I did not get a lot of feedback for the new format that I introduced last week, but…
None of you unsubscribed from the newsletter after I changed the format last week, so I guess, you liked it.😂
And I am going to continue with this format.
You can jump to the sections that you would like to read.
Also, if you’d like to share a particular story with someone, you can do that by clicking the Share this story button at the end of each story.
So for this week, we have-
How did Copenhagen become a cycling paradise?
People in the Danish capital bike to school and work. The city is overflowing with bikes. But this wasn’t always the case.
In the 1950s, there were more cars than bikes. City planning was focused on having more cars. But then the global oil crisis happened in 1973.
Oil prices went up by 4x. And Denmark was importing 80% of its oil needs. It needed to find a way to reduce that.
Copenhagen started taking measures to preserve gas. Driving was banned on Sundays.
Also, there was an ongoing environmental movement. People wanted to see more bikes than cars. They didn’t want to copy the American mindset.
And this was a perfect opportunity for them.
They pushed more. And the city introduced something new- an annual budget for cycling infrastructure. It was introduced in the 70s.
And it has resulted in 250 miles of bike lanes. There are 17 recently built bike bridges.
The city even has cycle superhighways. Where you can ride without stopping at traffic lights.
What a ride!
Something similar happened in Amsterdam as well. I had written about it 2 editions ago. You can read it here
This startup is converting food waste into food packaging
1 kg of plastic for every 3 kg of fish…That’s the amount of plastic in our oceans right now. Plastic takes years to degrade and till then it sits in some part of nature, which in most cases is the oceans. Every year, 100,000 marine mammals are killed because of plastic. We aren’t even counting the sea birds and other creatures. And this plastic comes from packaging, furniture, building material, toys, and many other sources.
Solving 2 problems…Spanish startup Feltwood wants to replace plastic in all of these industries and many more. It has developed a patented technology to manufacture biodegradable industrial materials using vegetable waste. Vegetable waste is agricultural waste or part of the veggies like lettuce or artichokes that we don’t consume. Feltwood converts this into resistant, useful, and versatile materials for different sectors.

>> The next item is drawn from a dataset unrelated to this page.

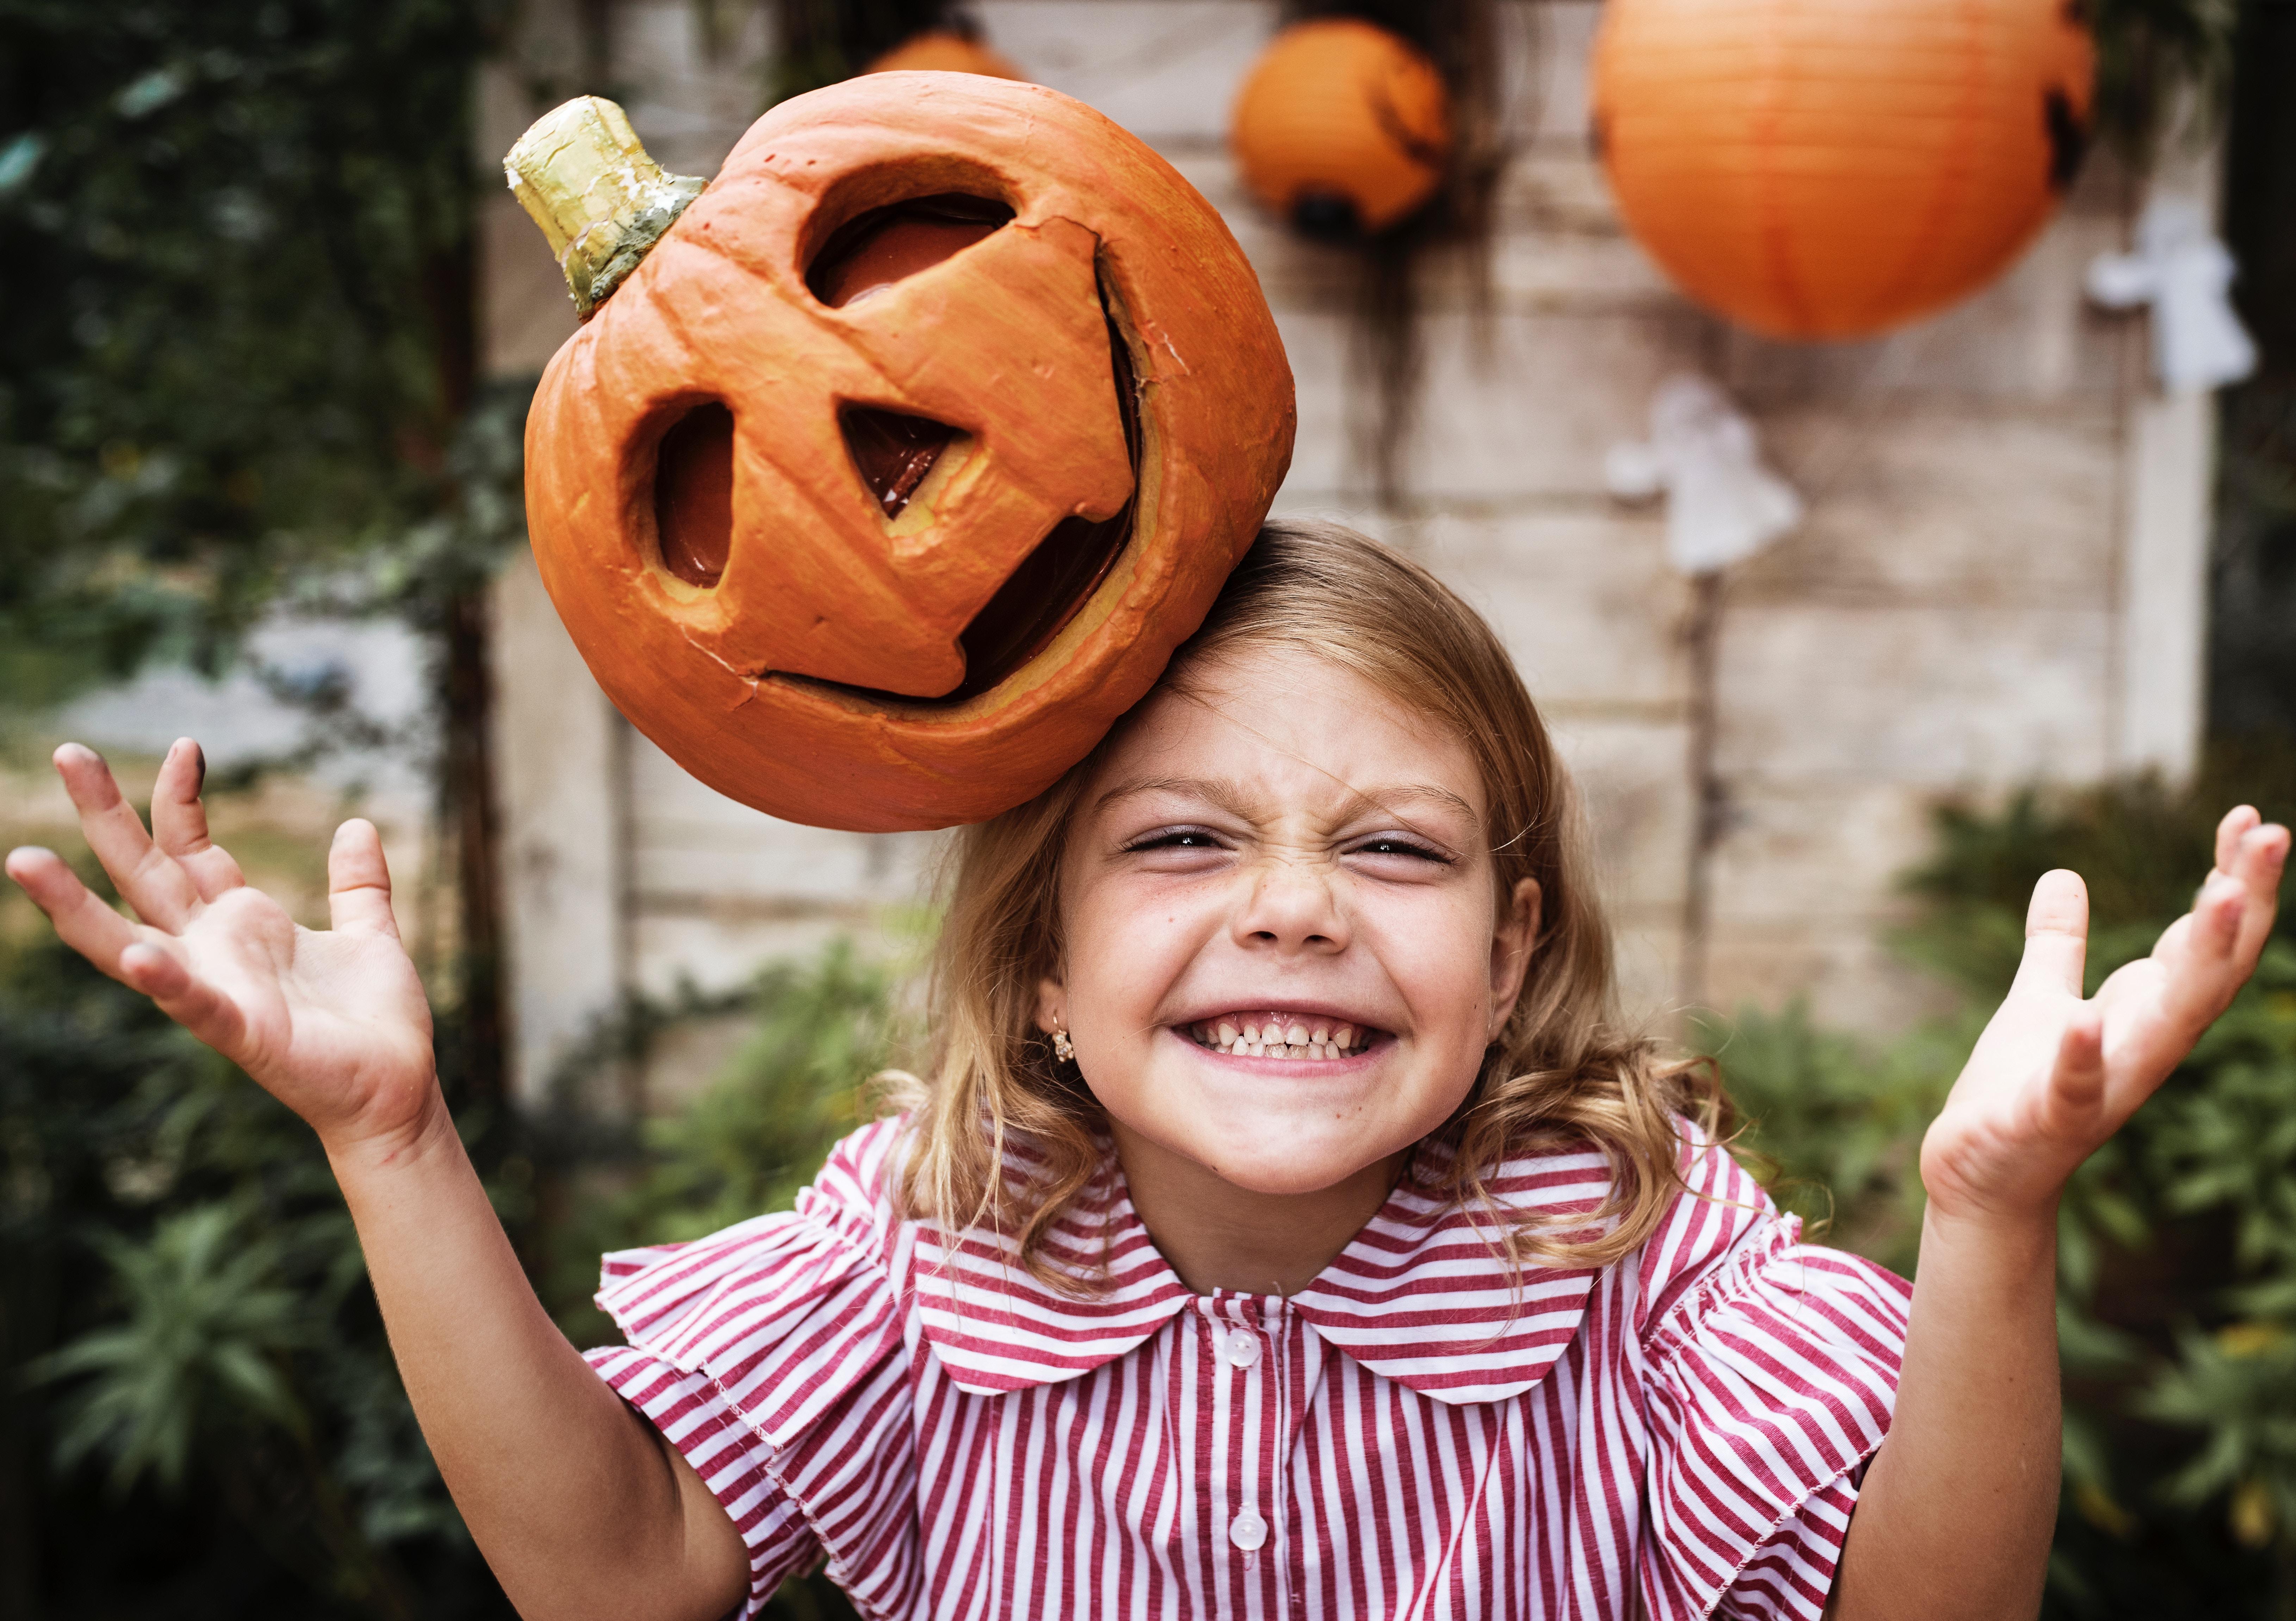 Картинки на хэллоуин для детей от 9-12

The vegetable waste is 100% biodegradable, recyclable, and compostable and so are the products made out of it.
This puts vegetable waste to good use and prevents it from polluting the environment.
They don’t use any plastic, adhesives, or binders which might harm the planet.

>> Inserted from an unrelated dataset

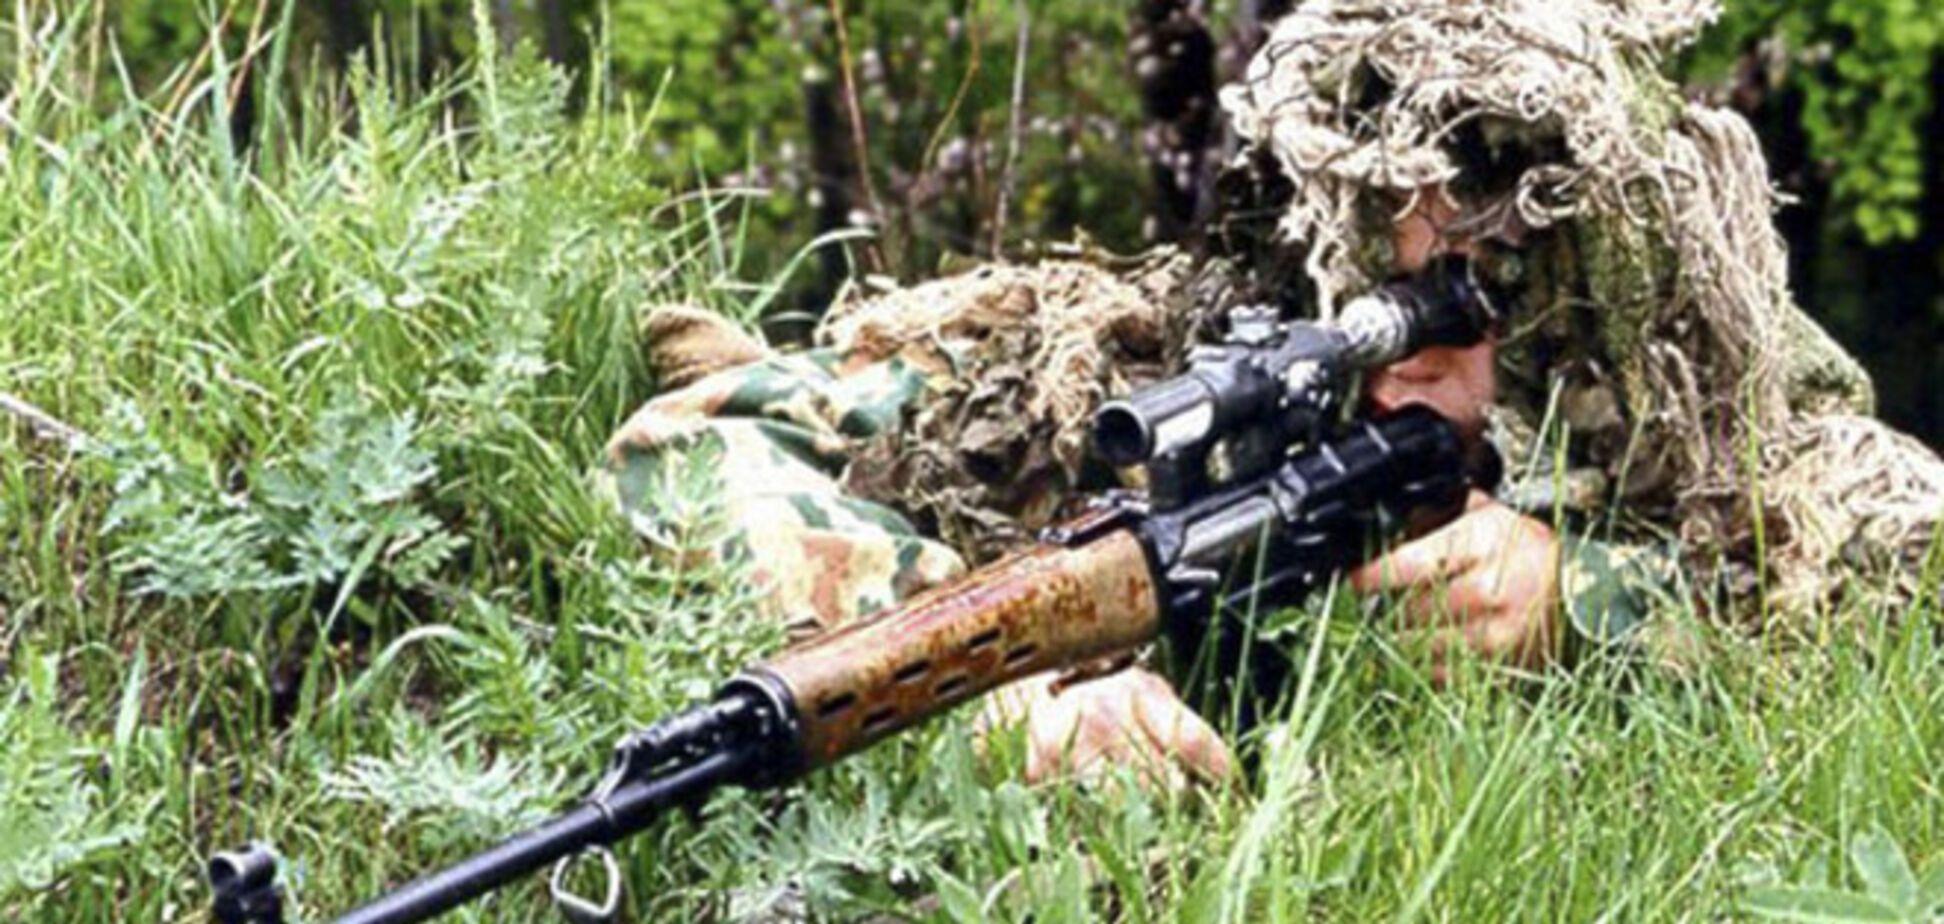 Снайпера террористов убили двоих бойцов 'Киевской Руси' возле Дебальцево – СМИ

Just like plastic… this can be molded into different shapes and sizes. This allows it to be used in a wide range of products, from toys to furniture. It can be a great replacement for wood too and can be painted, cut, or machined like it. Feltwood can manufacture the final product or they can offer the license of the technology to other manufacturers.

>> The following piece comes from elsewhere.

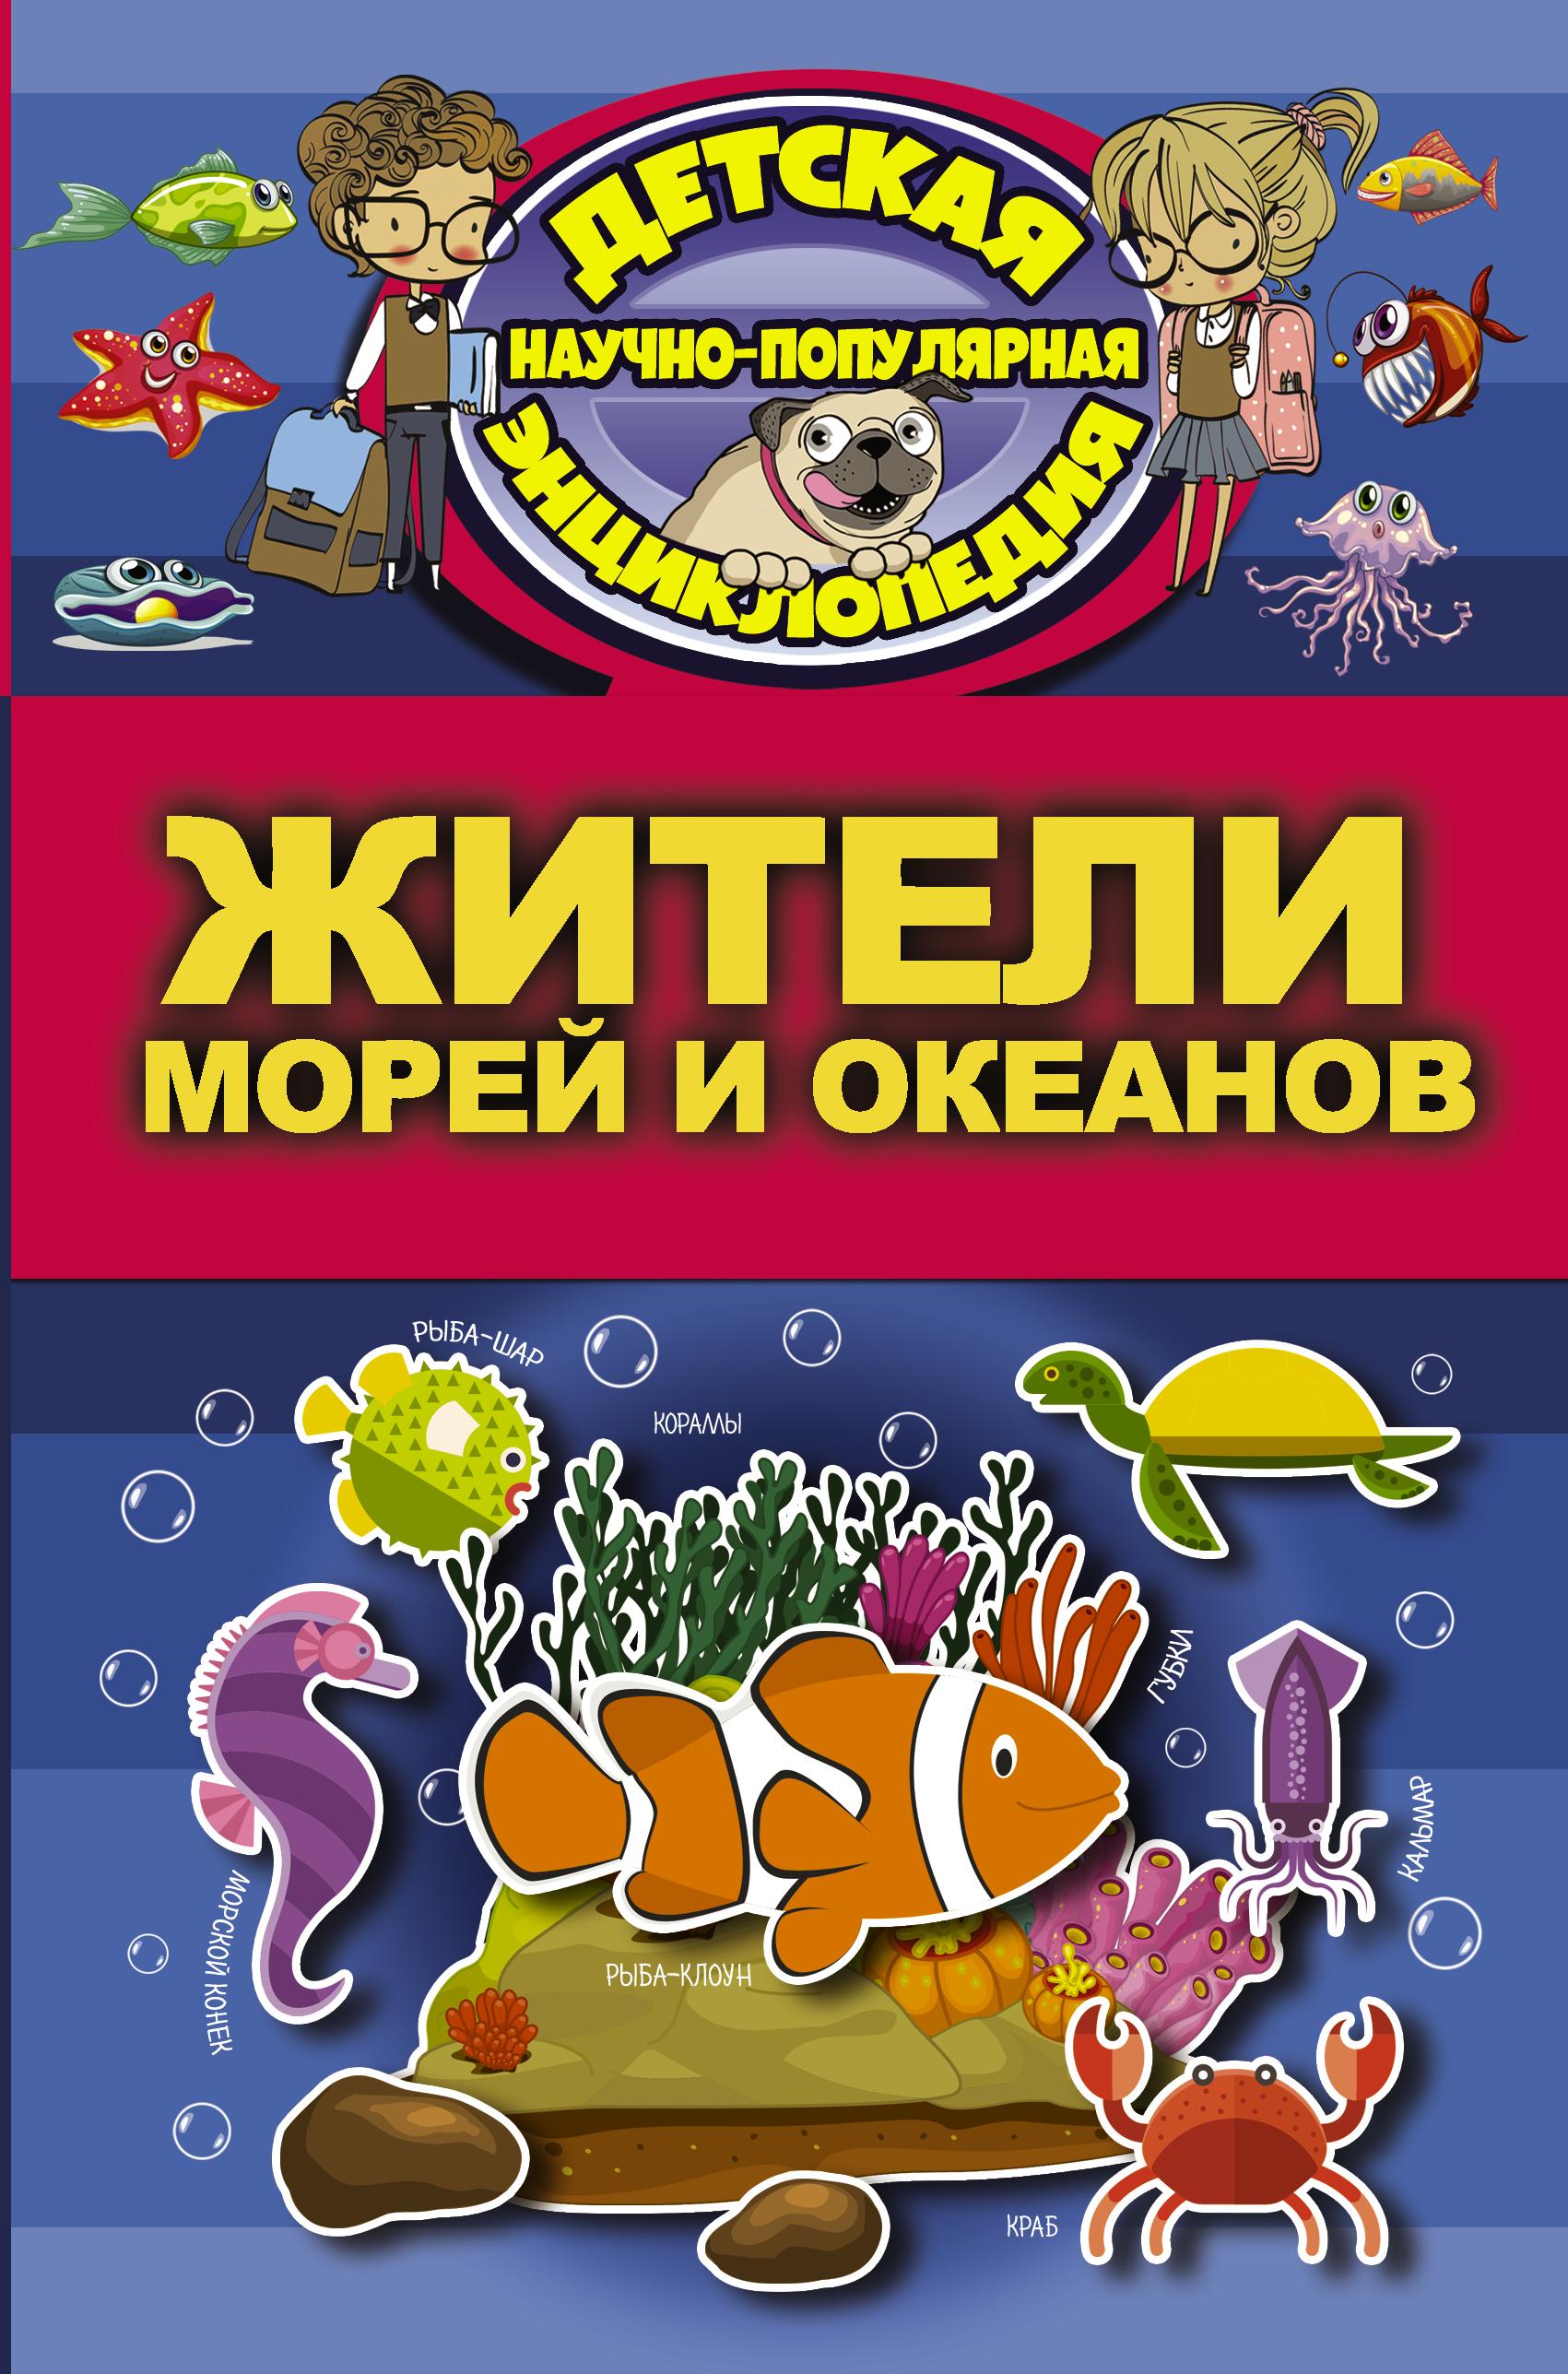 Жители морей и океанов ( .  )

This startup is growing real meat for pets but in the labs
The planet and pets are suffering…The main sources of meat in pet foods are chicken, beef, and fish. And we are made to believe that they are good for our pets but studies have shown that these proteins are the leading food allergens in cats and dogs. Also, raising farm animals drives up land and water use, burning fossil fuels, and the use of highly toxic pesticides that can run off from farms into the natural environment.
How bout a mouse cookie?… Because, Meat. wants to replace the existing sources of protein for our pets with meat grown in the lab. Their proprietary technology does not kill any animals to prepare food for pets. For example, to prepare mouse treats for cats, protein cells are extracted from a mouse’s ear by putting it under a mild anesthetic.
The process starts by harvesting cells from an animal.
These cells are then put inside a bioreactor, where they grow and turn into real meat that is animal-free.
The real meat is then made into different animal treats.
The beginning…Before starting Because, Meat. Co-founders Josh and Shannon were volunteering in the same cat shelter in Toronto. And it was there that they bonded over the same problem- how devastating pet food is for the climate, our environment, and the lives of farmed animals. And that’s how Because, Meat. was born.
🙋Trivia of the week
X can be found in many different items that we’re exposed to over the course of a day. X can also be inhaled and ingested with foods or beverages.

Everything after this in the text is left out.